Remember the three branches of government? Executive, legislative and judicial. The President, Congress and Supreme Court of the United States.

Following the end of oral arguments in the Supreme Court concerning the Affordable Care Act (ACA), President Obama’s health care bill, the president said that he didn’t believe the Supreme Court would take “an unprecedented, extraordinary step of overturning a law that was passed by a strong majority of a democratically elected Congress.”

There are only a few problems with his remarks.

First, the House passed the health care law in March 2010 by a 219 to 212 margin. Hardly a “strong majority,” with every single Republican – and 34 Democrats – voting against it.

Second, the health care law has and will continue to remain unpopular with a strong majority of Americans.
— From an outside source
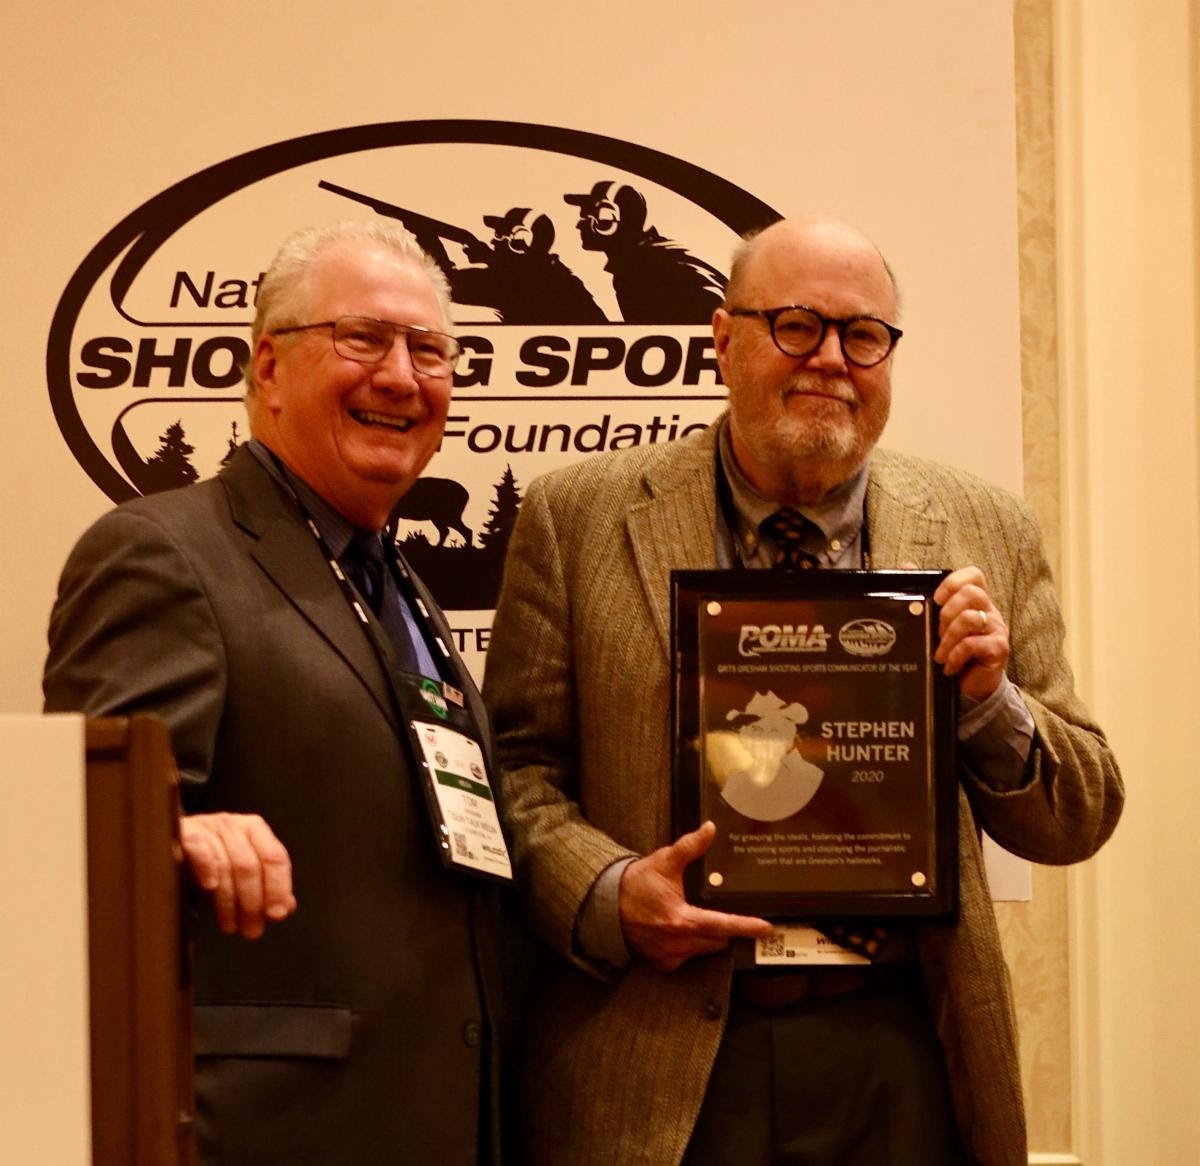 American Novelist Stephen Hunter Receives Prestigious Grits Gresham Award from POMA and the NSSF

A recent Gallup poll shows that 72 percent believe the bill’s individual mandate is unconstitutional, and the law is only popular with 36 percent of those surveyed in a CBS/New York Times poll.

Third, the whole point of the Supreme Court is to ensure the constitutionality of bills passed by Congress and signed by the president, which is something we hope President Obama taught during his time as a constitutional law professor.

The White House has had a difficult time explaining and defending President Obama’s comments since, obviously, it would not be unprecedented for the Supreme Court to overturn a law based on its constitutionality.

On the grounds of having majority support, the law continues to drop in popularity. A Pew Research Center survey found that 23 percent of those surveyed had a less favorable view of the Affordable Care Act at the end of oral arguments in court, with only 7 percent leaving with a more favorable view.

President Obama has every right to try and tout the health care law as landmark legislation passed during his administration. It’s his baby, so naturally he wants to protect it.

However, President Obama has no business telling the American people (or in this case, the Supreme Court) that the Supreme Court should not do its job and judge the law based on its own constitutional merits just because they could potentially differ from his own.

The governing body of the nation was broken up into the three parts so that no one part had more power than the others. When the executive branch tries to suggest (some would say pressure) the judicial branch to rule a particular way, the balance is distorted.

It seems most agree that keeping checks and balances in government is the right way to go. An Easter Rasmussen poll shows that only 15 percent of those surveyed believe that the Supreme Court places too many restrictions on government activity, with twice as many thinking that the court doesn’t place enough restrictions.

No one wants a cat and mouse game between Congress and the President, or the President and the Supreme Court. But we do want the system to operate as it was designed to – which requires checks and balances.

Both parties are scrambling with back-up plans on what to do if the law is either upheld or overturned by the Supreme Court in June. Until then, both can show their support for the foundational division of power that helps keep our government in check. If they don’t, we have the power to vote them out of office come November.